“是么?”刑川拉长音,语调慢悠悠的,“我记得他之前应该是想撮合你和方云合吧,不太满意我。”
裴言愣住,原本面对刑川他脑袋就转得慢,现在他的脑袋完全罢工,转动不了分毫。
怕他再提到宴会上的舞,裴言强迫自己开口回应,“那些是误会。”
“误会也会有原因。”刑川开玩笑似地说,“至少也说明,他觉得方云合和你更配。”
至于Alpha刑川,则完全没有被列为目标对象。
裴言觉得方云合太冤,只是参加了一场宴会,宴会后他们二人再没有遇见过,却被刑川念叨到了现在。
“……是有原因。”裴言抓紧被子,“因为那场庆功宴大家都知道是为了我联姻做的准备。”
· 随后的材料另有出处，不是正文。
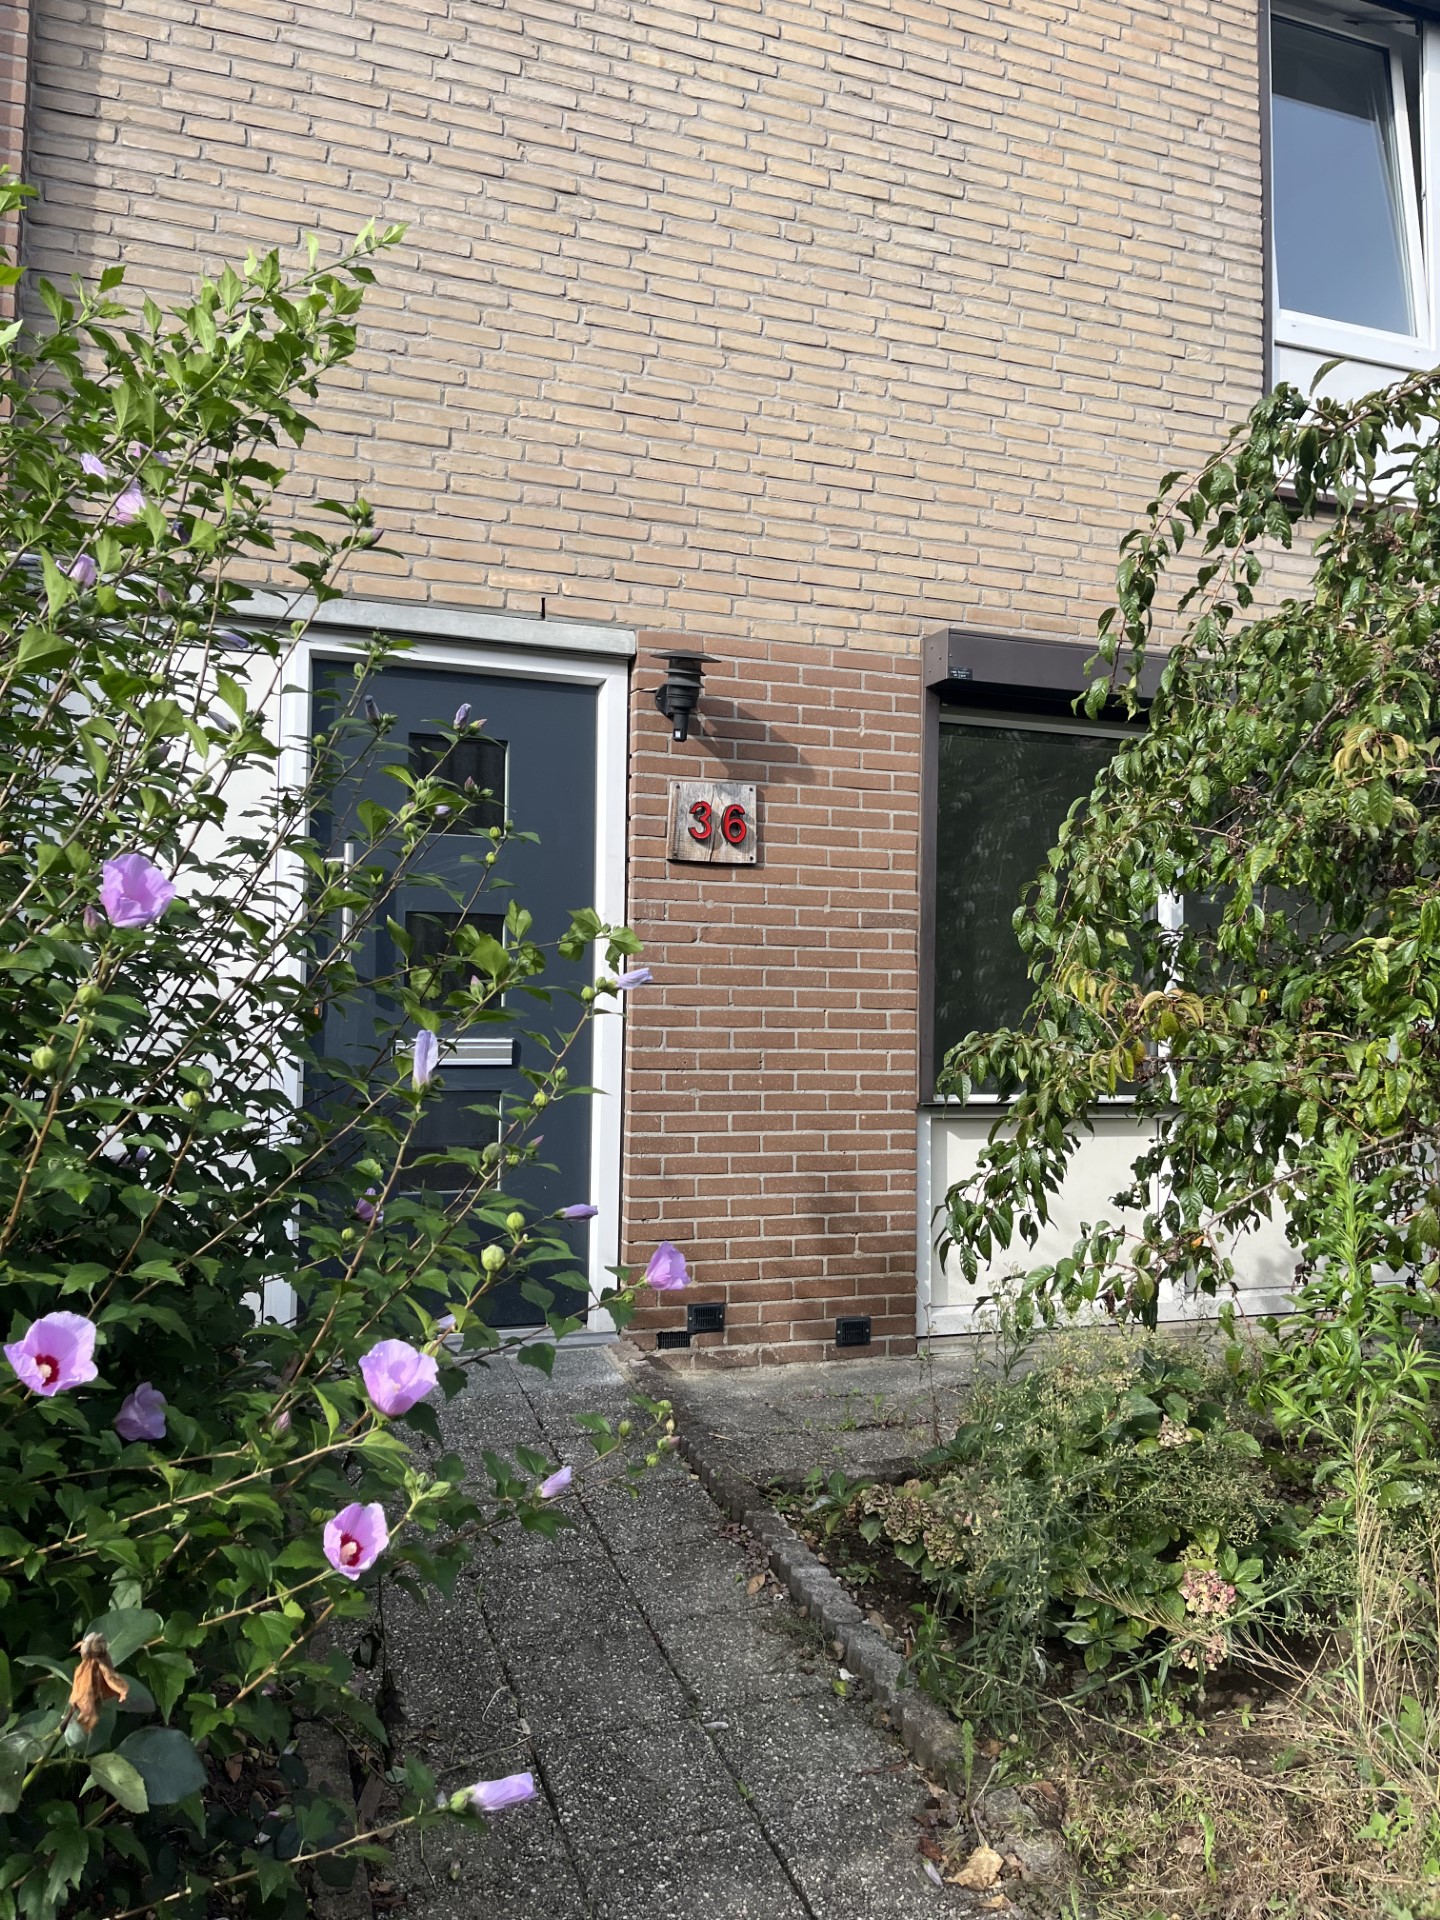 Babylonstraat 36, 6418 TN Heerlen, Nederland

“当时猜测最多的,就是我会选择刑家联姻,至于人选……”
裴言抬起眼,直直看向刑川,“整个刑家,我只邀请了你一个人。”
意向明确,直接清晰。
只是没在邀请列的方云合突然出现,阴差阳错,混淆了所有人的视听。
刑川那边变得很安静,过了一阵子,裴言又说:“以后不许再提了。”
“这对你表弟也不好,他什么都没做。”裴言企图唤醒他一点表兄弟之间的情义。
刑川靠过来,贴住他脸,裴言仰头,在他脸上蹭了蹭。
“我以后不说了。”刑川偏过头,轻吻他的侧脸。
吻没有持续很长的时间,只在他脸上停留了几秒就离开。
“……怎么了?”裴言察觉出异样,打起精神问。
刑川从袋子里掏出裴言的小熊玩偶,摁在枕边,简短地说了句:“没事。”
裴言看着自己被挤压到扁扁的小熊,松开后过了几分钟都没有恢复原状,无论怎么想都不是没事的样子。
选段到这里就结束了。